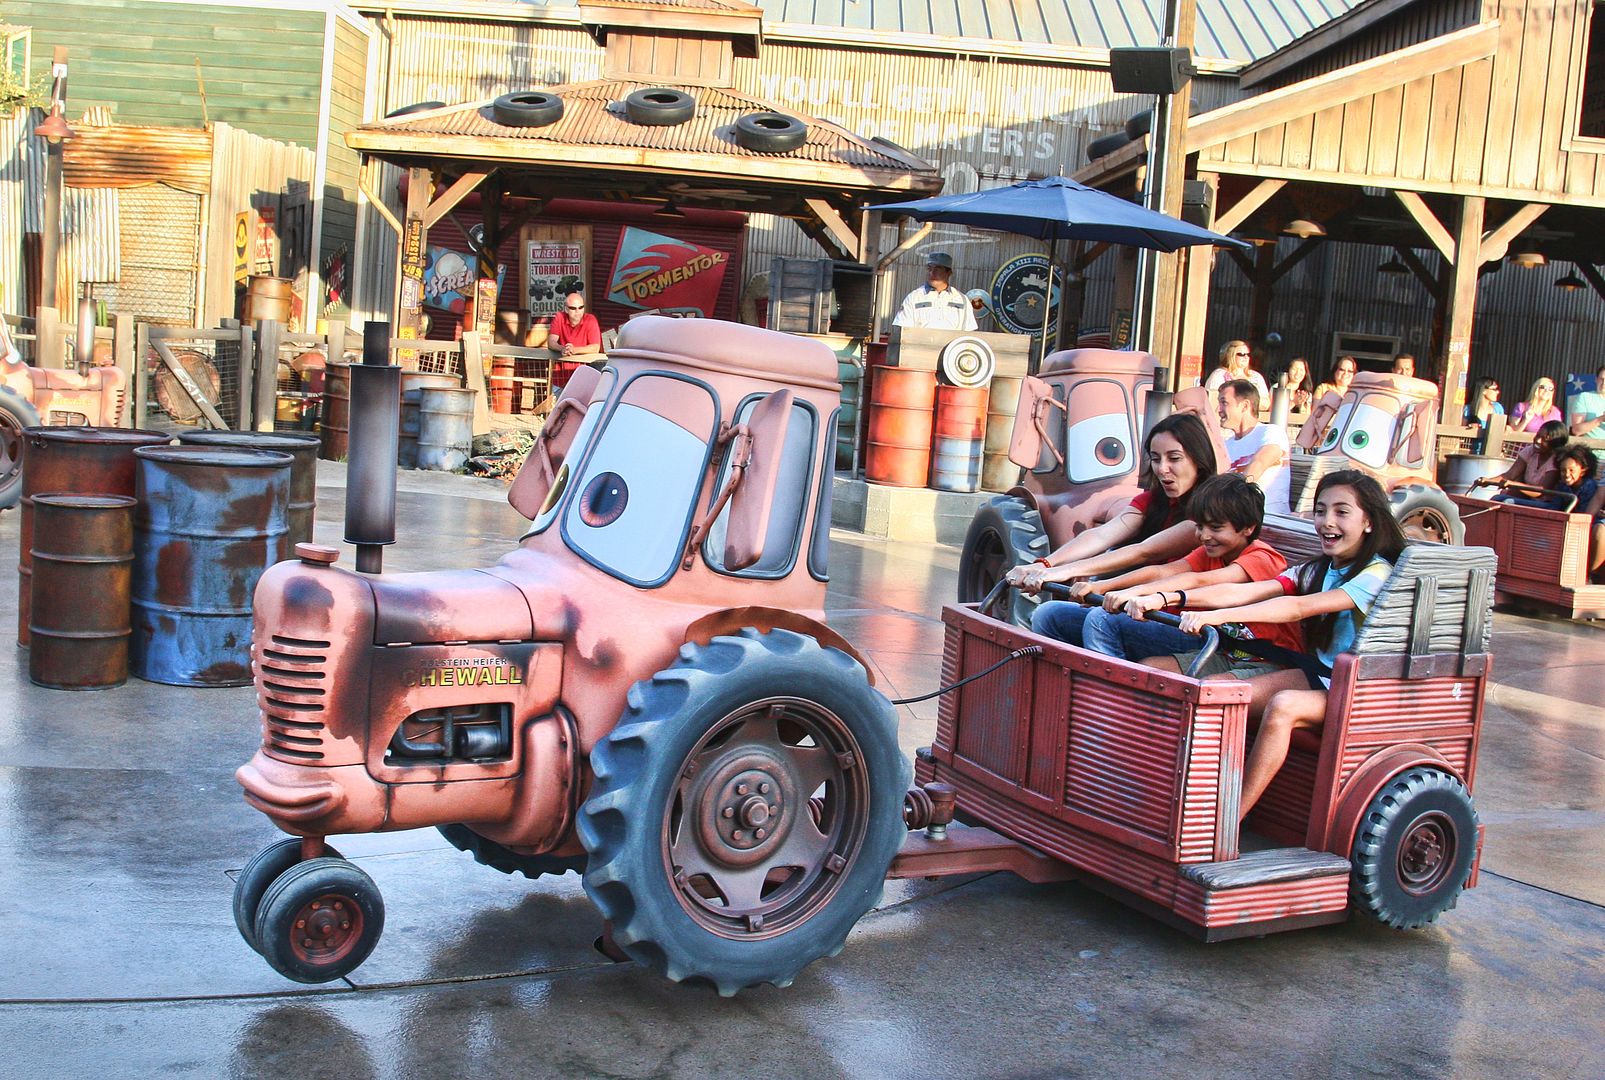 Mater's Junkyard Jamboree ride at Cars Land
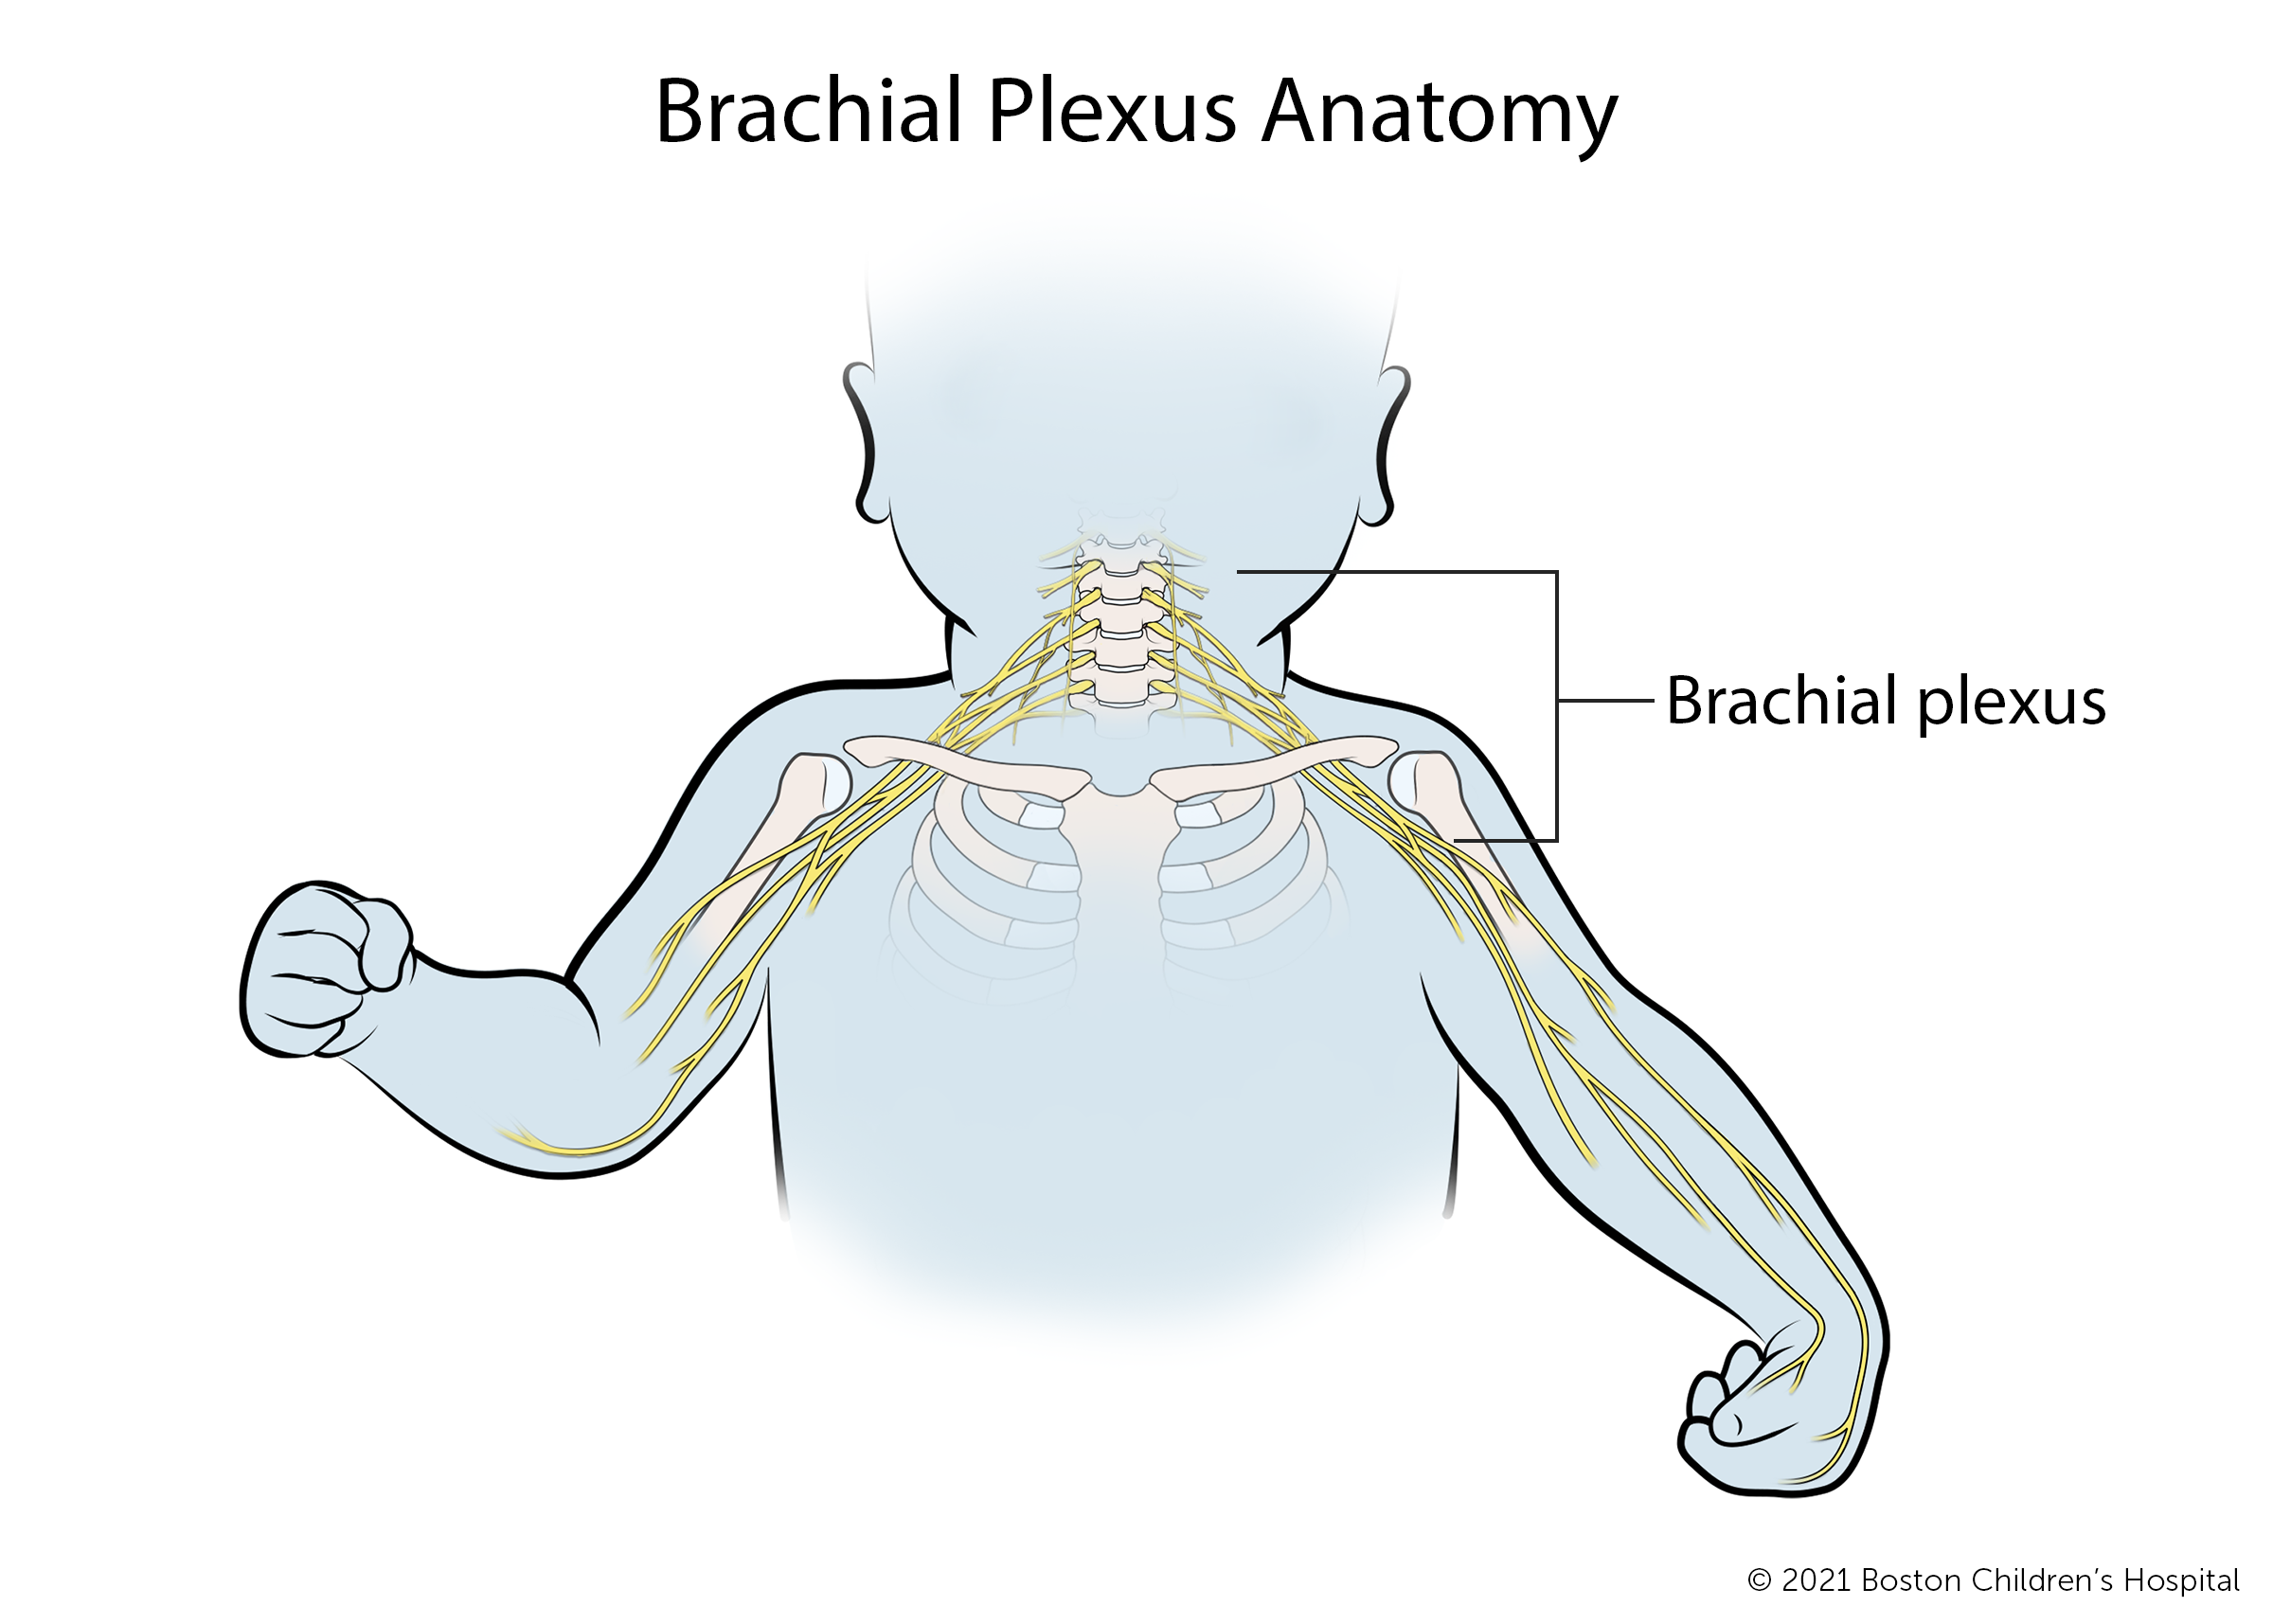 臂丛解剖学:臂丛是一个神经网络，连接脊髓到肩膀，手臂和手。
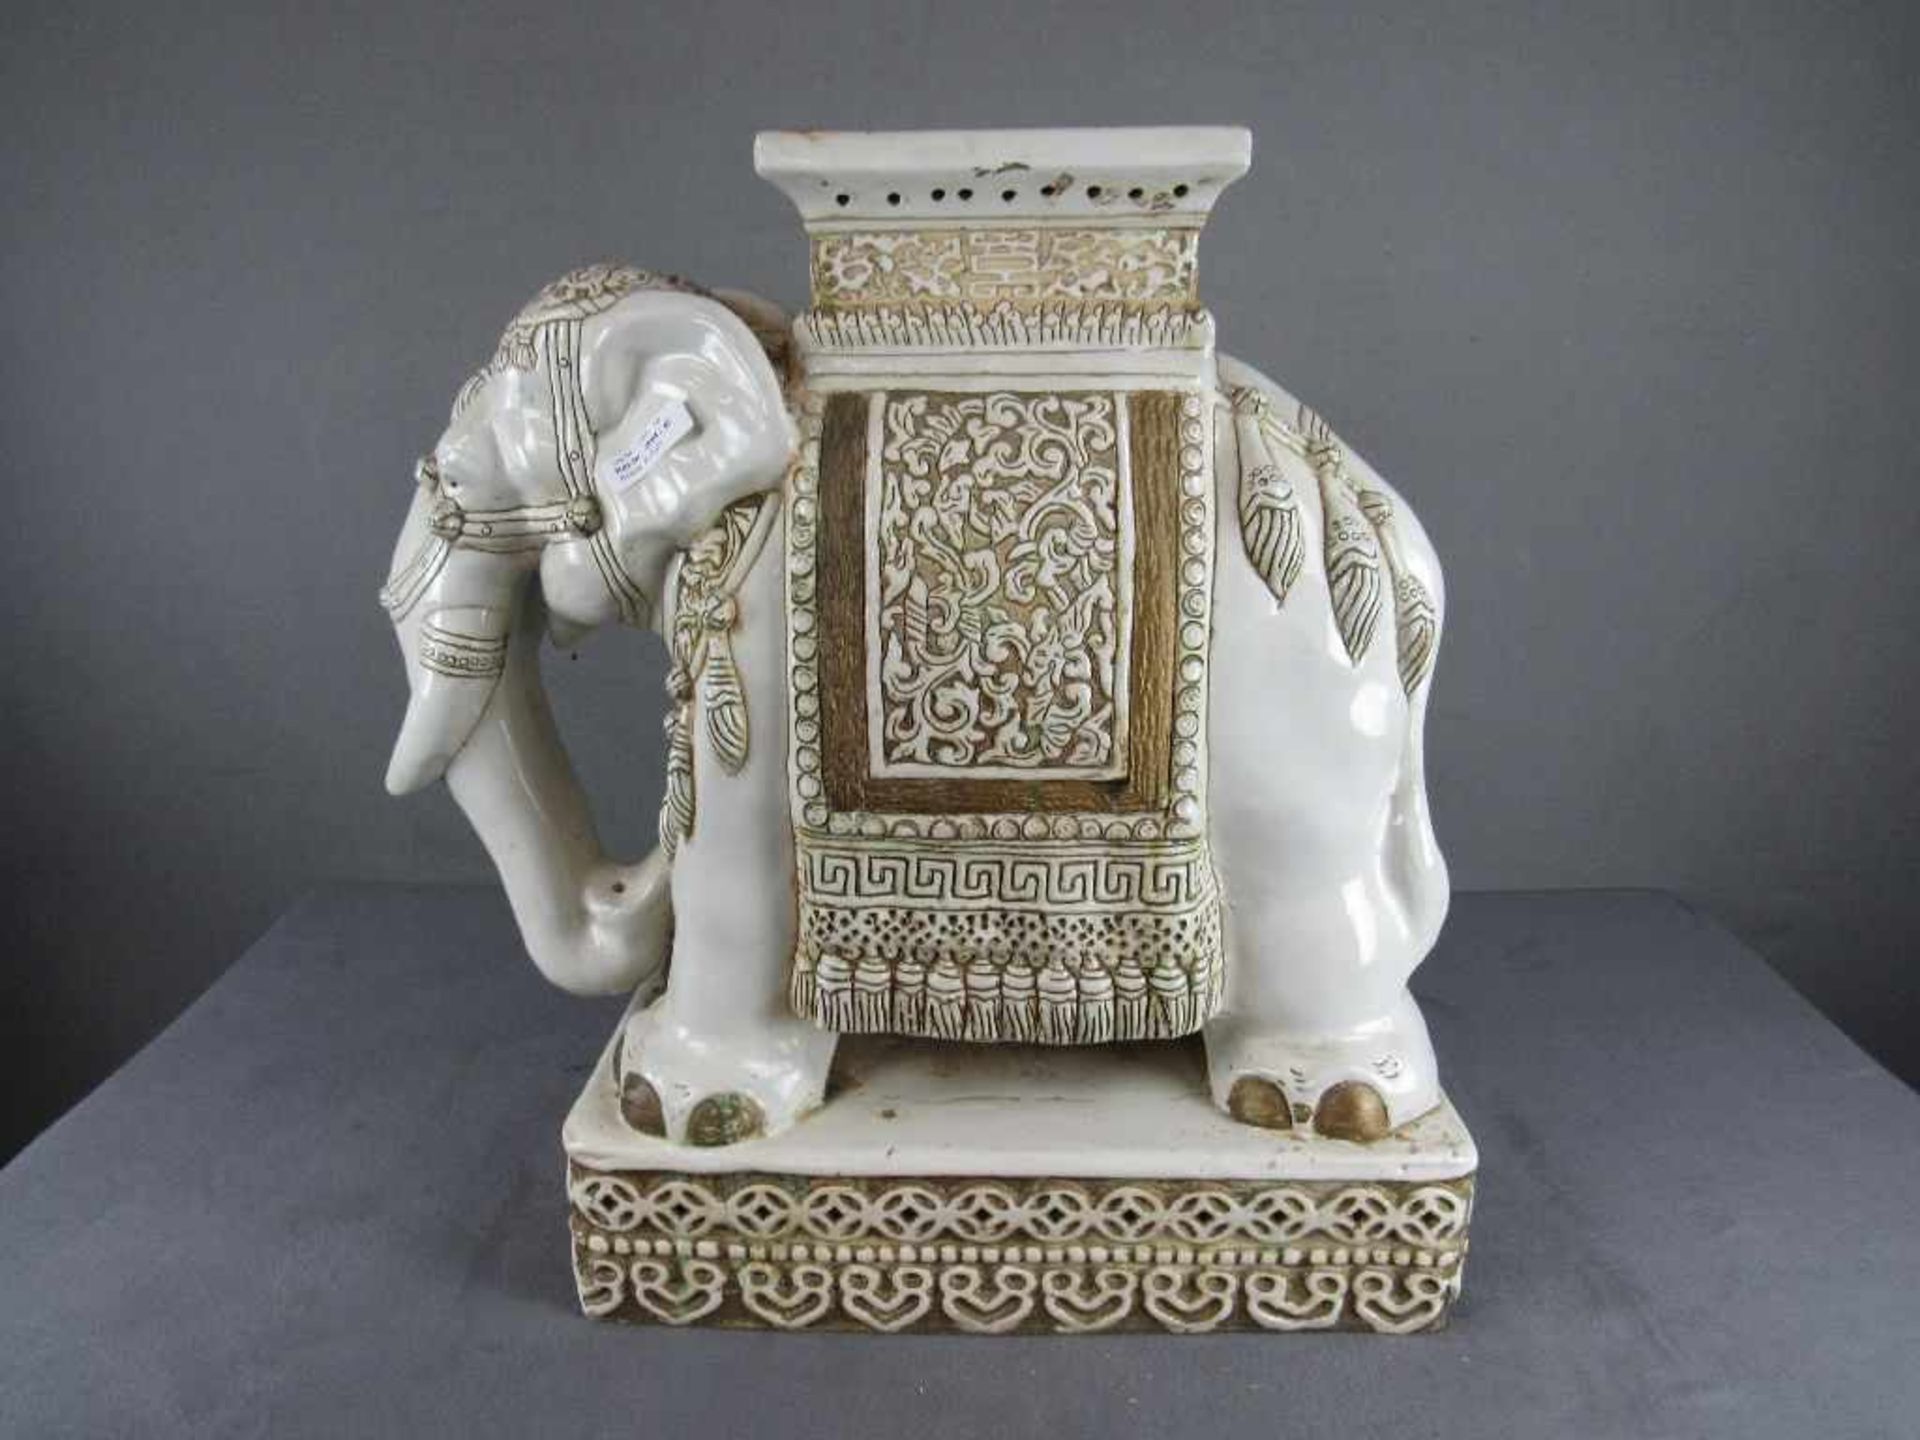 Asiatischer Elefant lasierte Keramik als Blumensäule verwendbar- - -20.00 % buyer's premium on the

Work required:
Pictures in the data above should not be copied; transcribe everything else exactly.

Output for this exercise:
 Mater's Junkyard Jamboree ride at Cars Land
 臂丛解剖学:臂丛是一个神经网络，连接脊髓到肩膀，手臂和手。
 Asiatischer Elefant lasierte Keramik als Blumensäule verwendbar- - -20.00 % buyer's premium on the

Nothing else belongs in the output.